The Minnesota-based company announced the start of a new sustainability-focused business unit, SUSTAIN, at the end of July. We caught up with Matt Carstens, unit leader and senior vice president, to talk about the division’s goals and efforts.
“Consumers want to know how their food and other products are raised – and we don’t shy away from that,” he said. “This isn’t something we just started today; we’ve done a lot in the past to get to where we are at today.”
Efforts made in the new unit are expected to touch work being done in areas across the company, not just feed production, he said. And they have been expanded to cover units including feed, dairy products and crop input businesses.
“Our business portfolio, which includes Winfield US crop inputs, Purina animal feed and Land O’Lakes foods, gives us a ‘farm-to-fork’ view of what sustainability truly means for our industry,” said Chris Policinski, Land O’Lakes president and CEO, in a release. “We believe that view, partnered with the tools and technology we have developed, will help sustainability practices across the value chain of all our businesses and those of our partners in the industry.”
Efforts to improve the sustainability of feed use and production will include partnerships and long-term efforts, said Carstens. “We’ve got a long ways to go,” he added.
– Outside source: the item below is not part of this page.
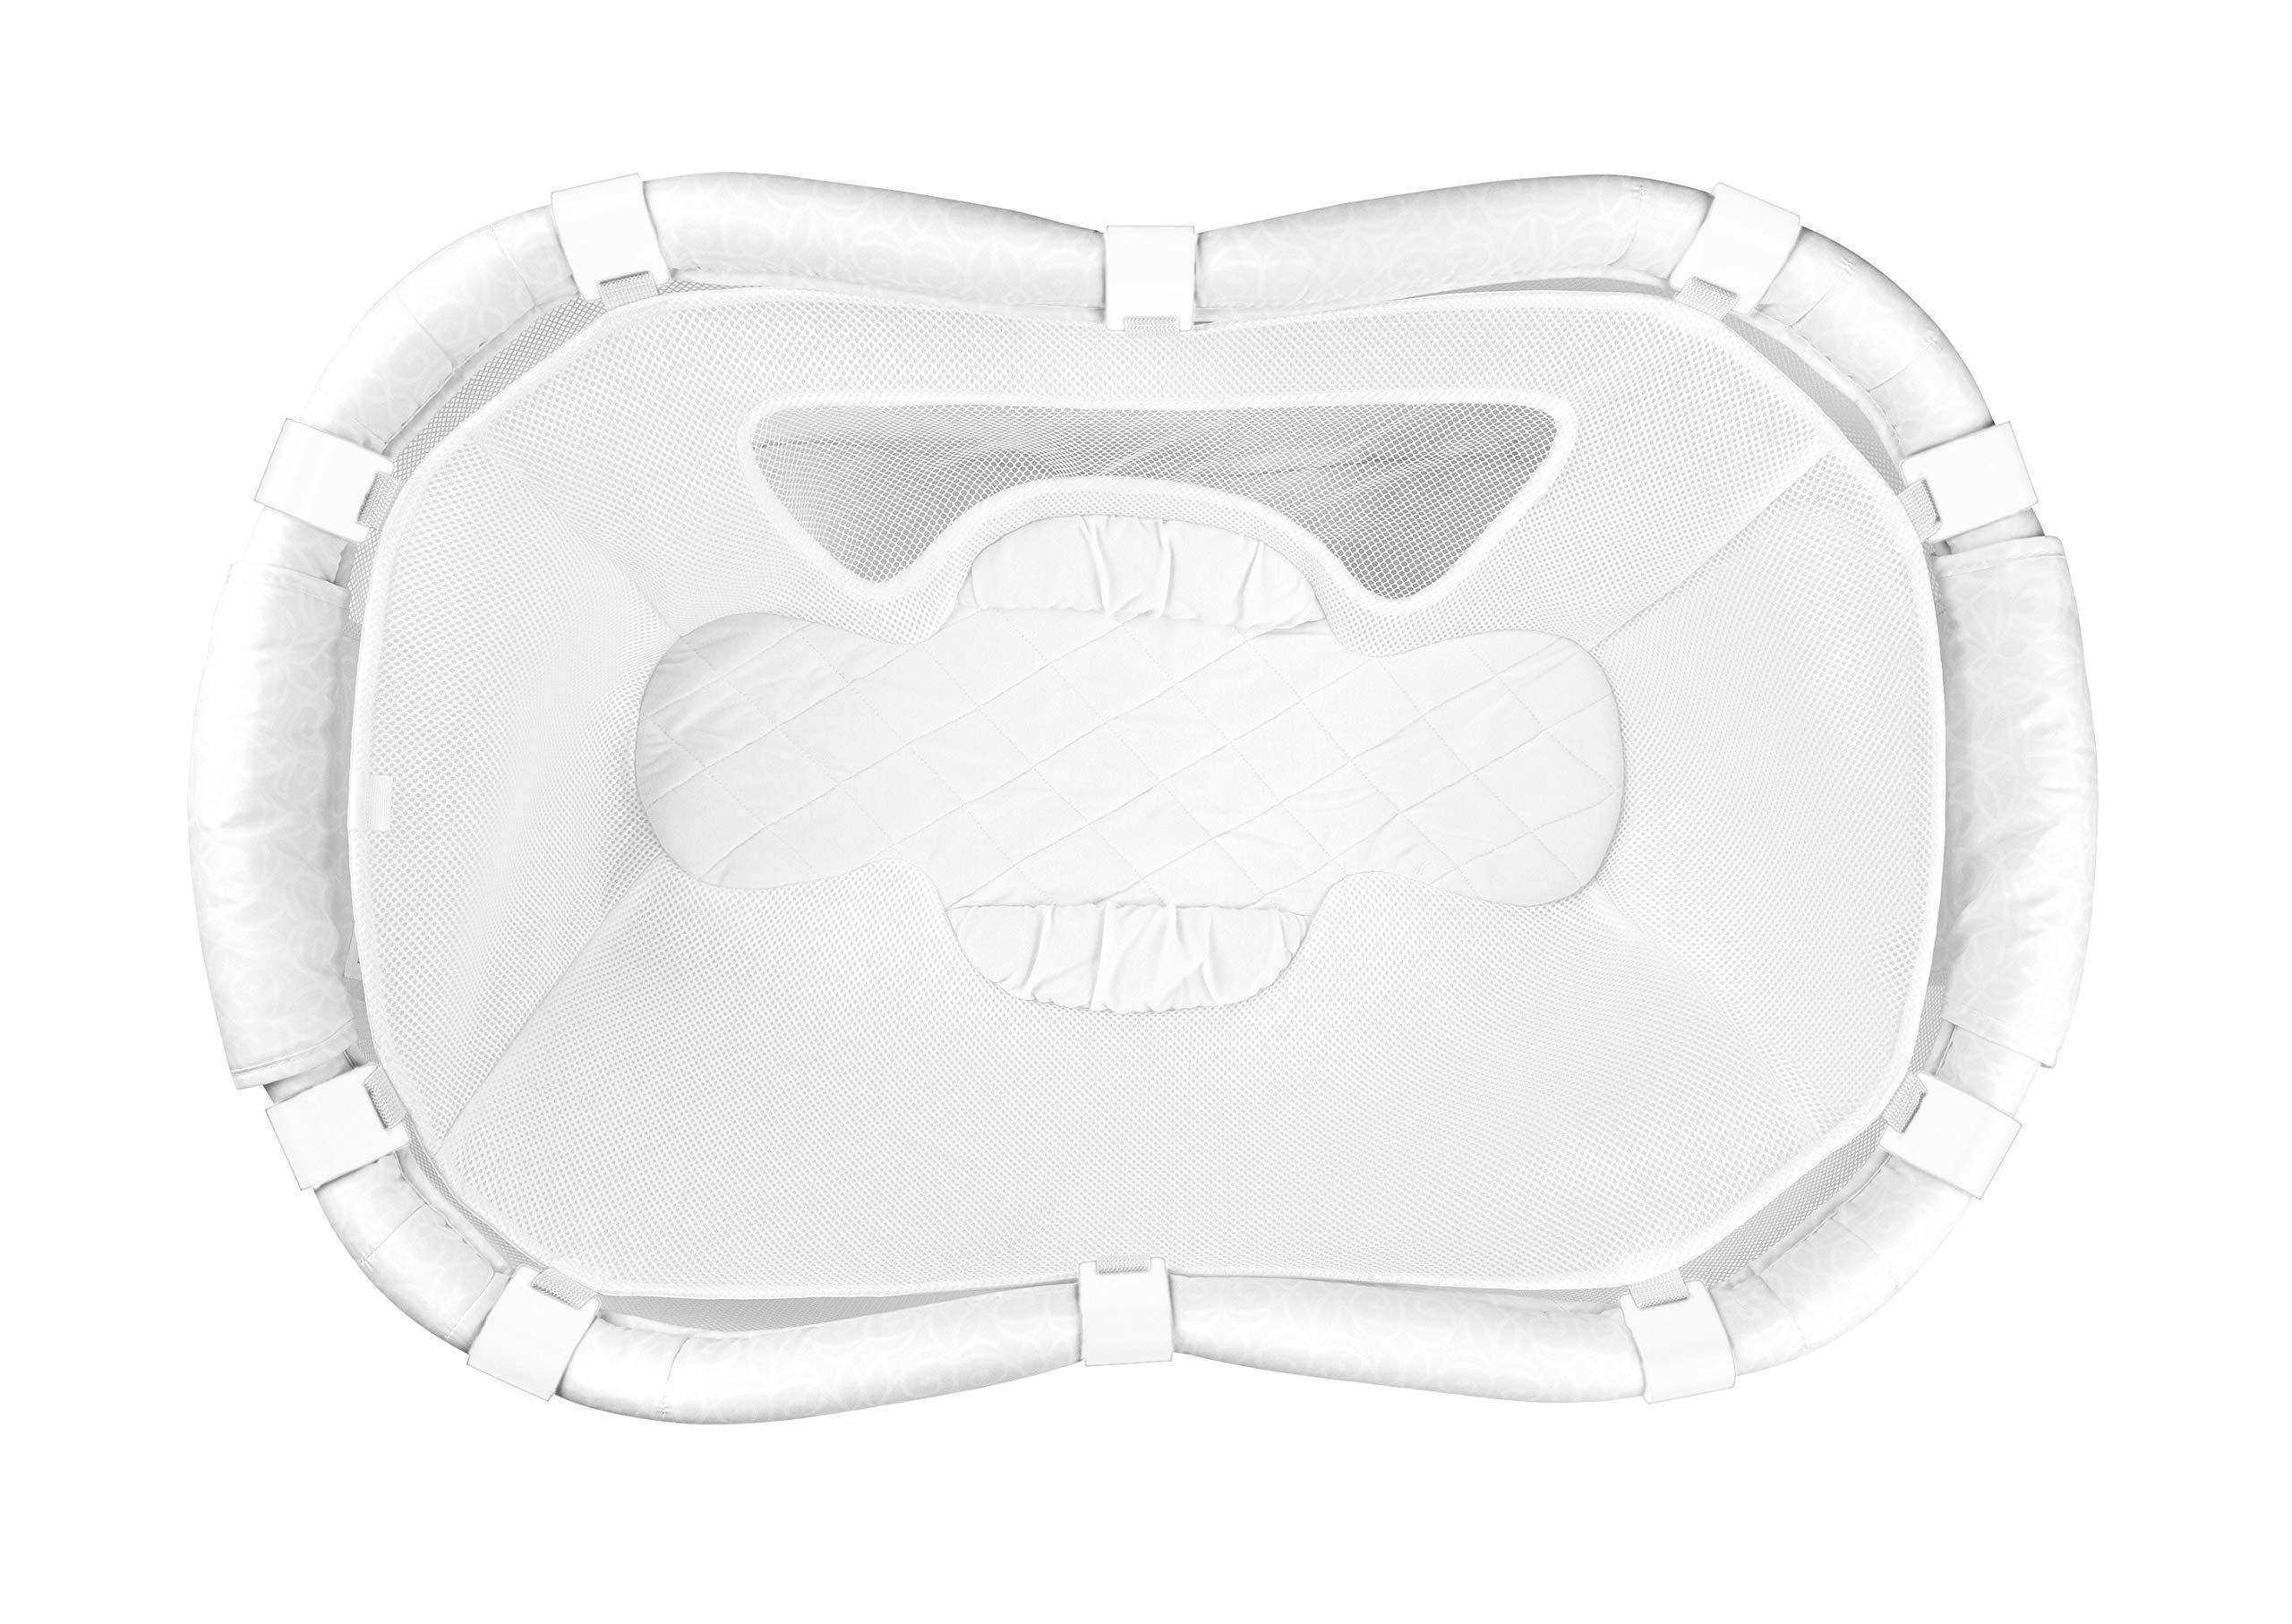 MySnuggly Newborn Bassinet Insert for Halo Bassinets   Real Cuddling Feeling & Better Sleep   Anatomical Hypoallergenic Baby Insert w/Breathable Mesh   Patent Pending

Work to make feed production more sustainable is set to start with looking at how feed crops are grown and assessing inputs used, like nitrogen, he said. “That’s the easy start point, and [then it’s] moving it forward from that point and looking at the other parts of the feed process – but it starts in the field.”
Feed production sits in the middle of the project, he said. Upstream is work being done to improve how feed is raised and downstream efforts look to address end product sustainability.
One longer-term benchmark looks at the use of inputs in crop production, said Carstens. The goal reaching through 2020 is to have 10m acres of sustainably produced crops using the SUSTAIN platform.
“On the crop input we know where we want to go with that,” he said. “The number of SUSTAIN retailers improve every year and if we wanted to set numbers we’d beat them easily – it’s racing faster than we thought. On the feed and dairy food, those are more complex and there’s more we can do.”
The company also is partnering with others, like Smithfield, that have started exploring how to improve their feed production, he said.
Overall project design
Early steps in the overall process include meeting with many of the current member-owners of the company, food companies and feed businesses to talk about efforts being made and understand what they would like to see, said Carstens. “It’s understanding where folks are and understanding what they need from us,” he said.
There aren’t set guideposts for the early efforts that are being released at this point, he said. But the ongoing conversations are intended to ensure that the company is offering what partners need.
“It’s training and education; helping people define, and understand and utilize the opportunity of sustainability,” said Carstens. “You can look at sustainability as a challenge or opportunity, and we see it as an opportunity.”
The work also is aimed to help the company stay ahead of future regulatory changes, said Carstens. Additional pieces of the overall effort include collecting and analyzing data generated to demonstrate when and how progress is being made and making sure that others know what is being done and why.
The company is interested in working with its farmers, member-owners, customers and partners on the project, he said.